Chairman’s Comment On SRA v Locke Lord (UK) LLP
Andrew Spooner, the Chairman of the Division which sat on the case of Solicitors Regulation Authority v Locke Lord (UK) LLP, issued the following comment on the decision on 10 November 2017:
“As Chairman of the Division that heard this case, I am taking the highly unusual step of explaining the background to our decision which has resulted in some erroneous coverage in the media which occurred before the publication of the Tribunal’s Judgment.
For the public and the profession to have confidence in its regulators, it is essential that they act accurately and with integrity. This extends to comments / observations that they may wish to make in the media.
Regrettably, it appears in this case that inaccurate and misleading quotations emanating from the SRA and / or one of its Executive Directors, Mr David Middleton, have been made. None of these comments were seen or approved by the Solicitors Disciplinary Tribunal before their release. If this had been done, any inaccuracies could have been noted and corrected.
This case was first considered by a Division of this Tribunal on 20 October 2017. That Division was chaired by me, sitting with two other Members, Ms Carolyn Evans and Mr Robert Slack. That Division required the parties to provide additional information before it could properly consider the sanction of a fine of £250,000 plus costs of £25,000 and VAT that had been proposed in the Agreed Outcome by the Solicitors Regulation Authority and the Second Respondent, Locke Lord (UK) LLP.
The Division ordered that this information should be provided and a hearing of 3 hours was fixed to consider this information together with any submissions that the parties wished to make. That hearing took place on 6 November 2017. The Division on that date comprised Mr Paul Lewis, Mr Robert Slack and was again chaired by me.
Senior representatives of both parties (including Mr Middleton) attended that hearing with their legal advisers.
After carefully considering the information and hearing submissions on behalf of both parties, the Division decided that ‘The proposed fine of £250,000 did not reflect the seriousness of the matter’. As a result, the Agreed Outcome that had been proposed by the parties was refused by the Division.

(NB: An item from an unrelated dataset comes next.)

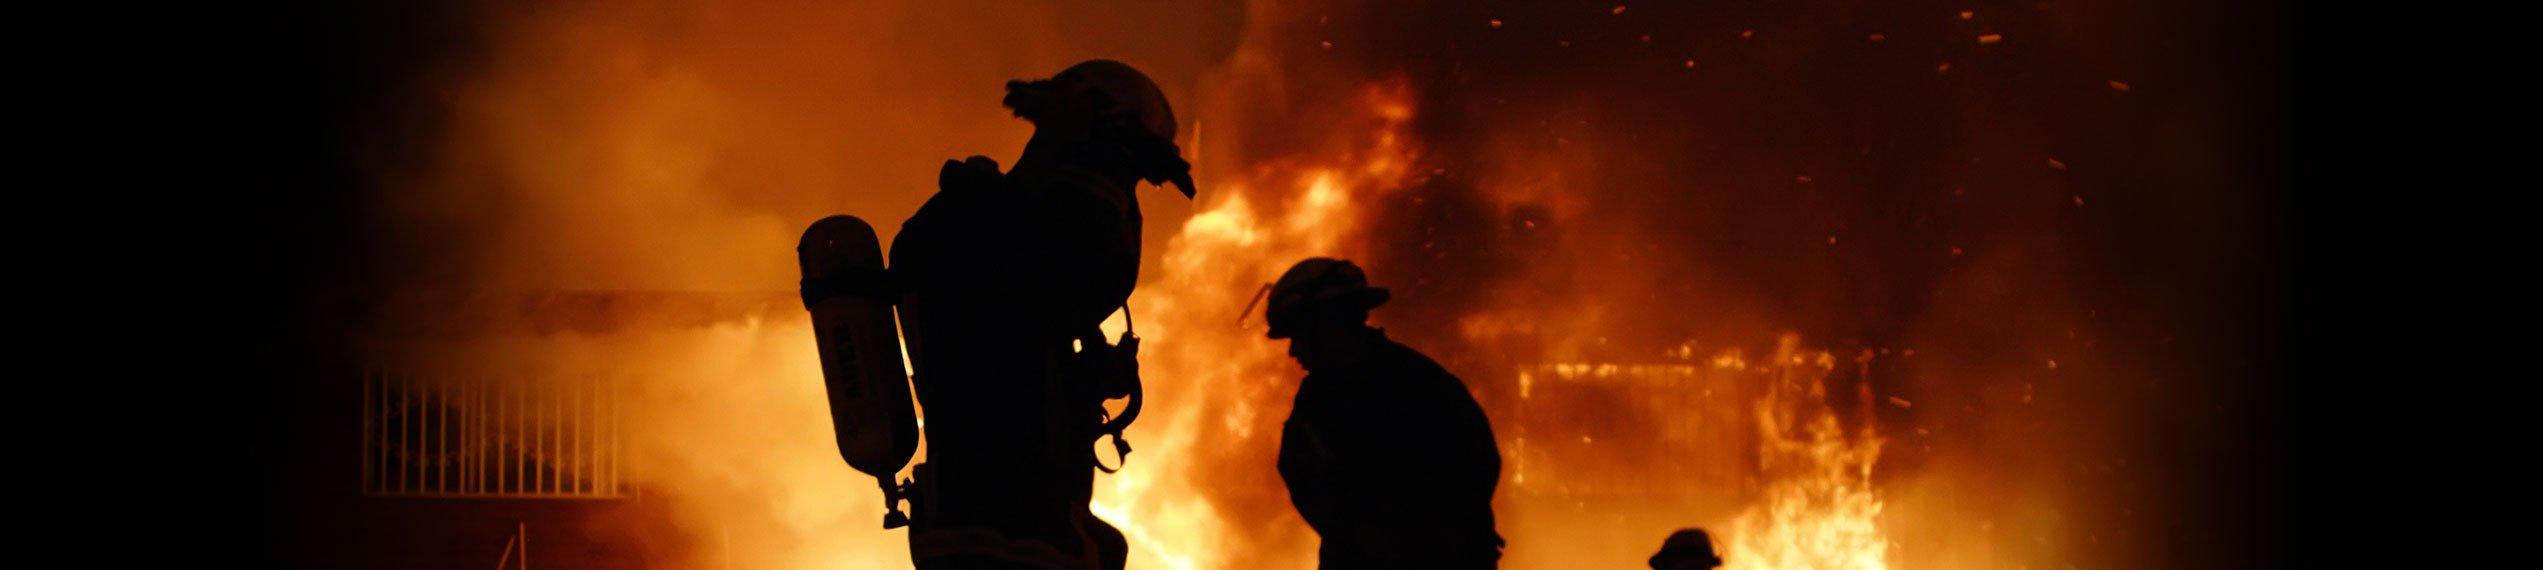 Fire & Smoke Damage Removal in Paul Davis Restoration of Northeast Georgia

Both parties then confirmed that they wished the Division to give them an indication of what level of fine it considered appropriate.
The Division indicated that in order to reflect the very serious set of circumstances, the appropriate fine was £500,000 – double the fine that had been proposed by the SRA and the Second Respondent.
After a short adjournment, both parties made a joint application for an Agreed Outcome in the form attached to the Judgment with a penalty of £500,000 plus costs of £25,000 and VAT.
In reaching this decision the Tribunal, as it always does, acted independently after carefully considering the merits of the case. The full Judgment and Agreed Outcome is attached to this note.”